COSCO SHIPPING Energy has been strictly complying with the governance requirements of listed companies, and has established an effective and standardized governance system to strengthen the standardized and effective corporate governance, thus improving the ability of modern corporate governance.
The Company has established a corporate governance structure and mechanism, with the General Meeting of Shareholders, the Board of Directors, the Board of Supervisors, and the specialized committees at the center. We constantly revise and improve the rules of procedure to ensure well-regulated, efficient, and full performance of all governance duties and continue to improve corporate governance.
General meetings provide a good opportunity for direct communications and build a sound relationship between the Board and the Shareholders. To ensure that all Shareholders enjoy equal status and are able to exercise their rights effectively, the Company holds Shareholdersmeetings every year in strict compliance with the requirements for notices and convening procedures laid down by the relevant laws, regulations and the Articles.
The Board is elected in the Shareholders'meeting and is responsible to the shareholders'meeting.

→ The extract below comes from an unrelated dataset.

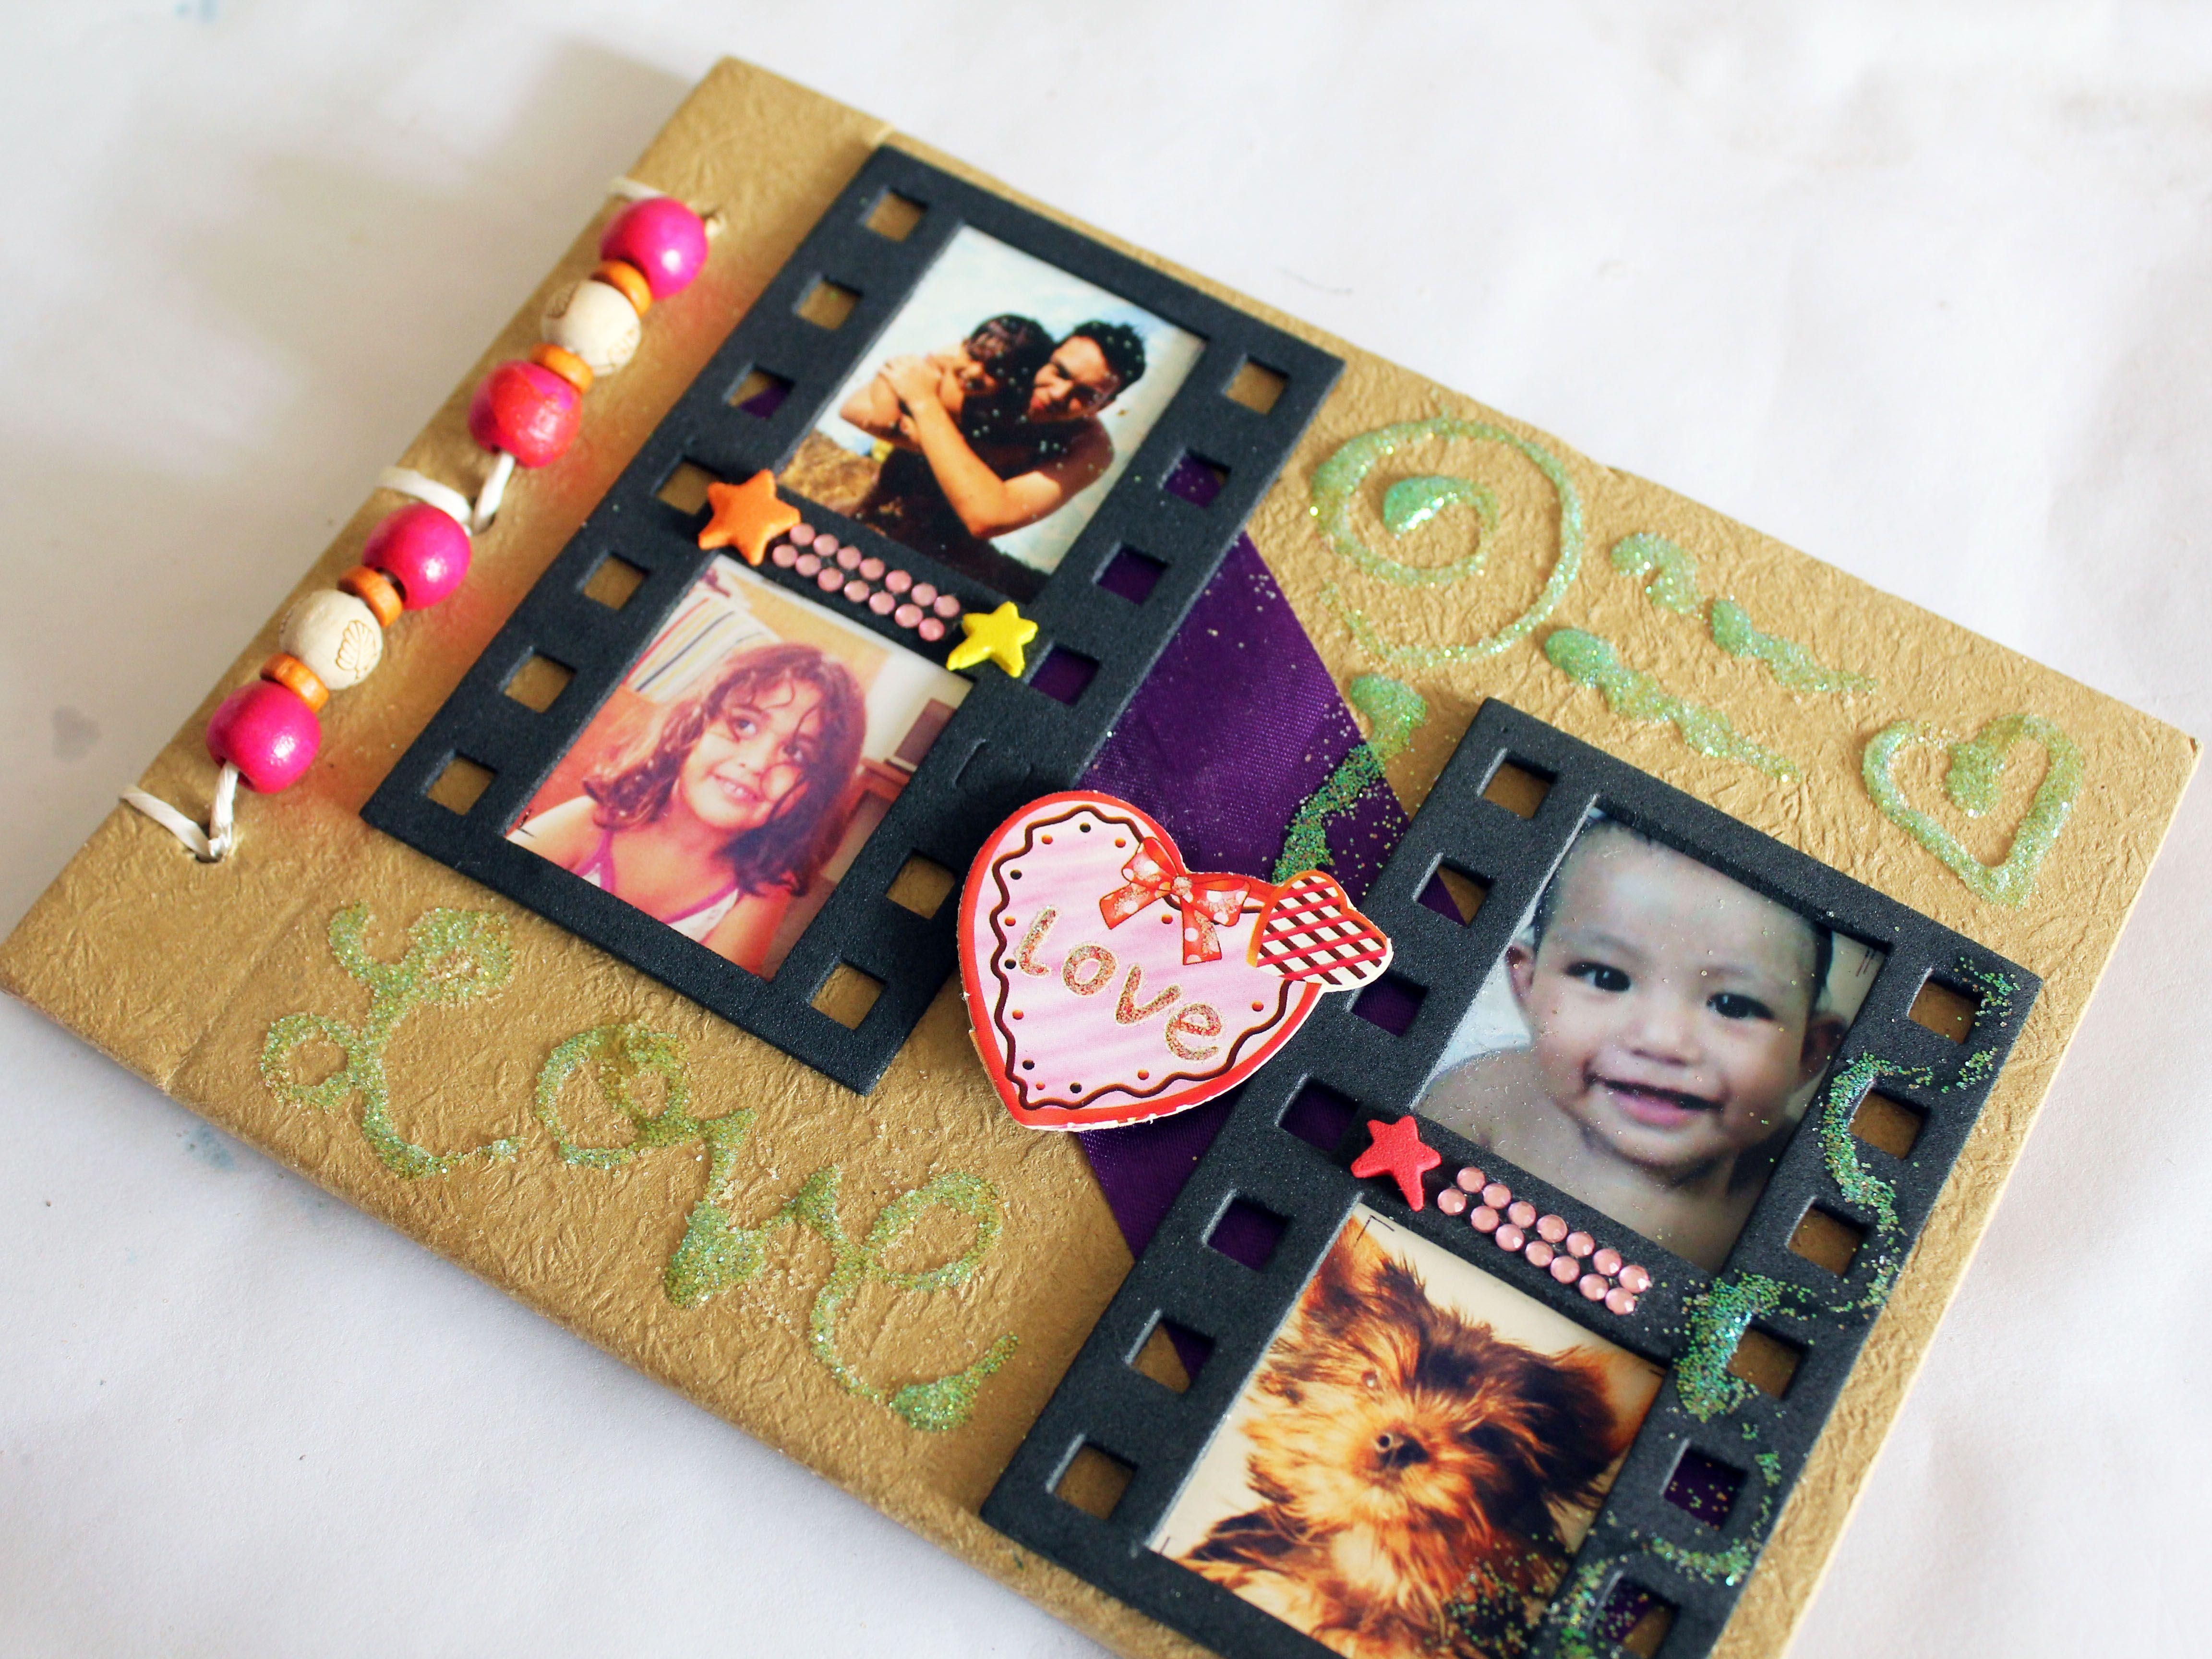 How to make a homemade scrapbook with construction paper make a best friends scrapbook

The Company elects its Directors in strict compliance with the procedures for election of Directors as set out in the Articles. Each Director shall act in the interests of the Shareholders, and shall use his best endeavours to perform his duties and obligations as a Director in accordance with all the applicable laws and regulations. Duties of the Board include decision-making of the Companys investment scheme and business plan, preparation of the Companys profit distribution and loss recovery proposals, formulation of the Company’s capital operation proposal and implementation of resolutions approved at general meetings.
The Board is responsible for leading and controlling the Company as well as supervising the operations, strategic policy and performance of the Company. The Board also delegates its power and responsibilities to the management of the Company.
The Professional Committees of the Board
In compliance with the Code Provisions, the Company has established five professional committees under the Board, namely, the Audit Committee, the Remuneration and Appraisal Committee, the Strategy Committee, the Nomination Committee and the Risk Control Committee.
The duties of the Audit Committee mainly include the review of the Companys financial reports, consideration of the appointment of independent domestic and international auditors, approval of audit-related services, supervision over the Companys internal financial reporting procedures and management policies. At least four meetings of the Audit Committee are convened annually to review the accounting policies, risk management and internal control system adopted by the Company and the relevant financial issues, so as to ensure the completeness, fairness and accuracy of the Company’s financial statements and other relevant information.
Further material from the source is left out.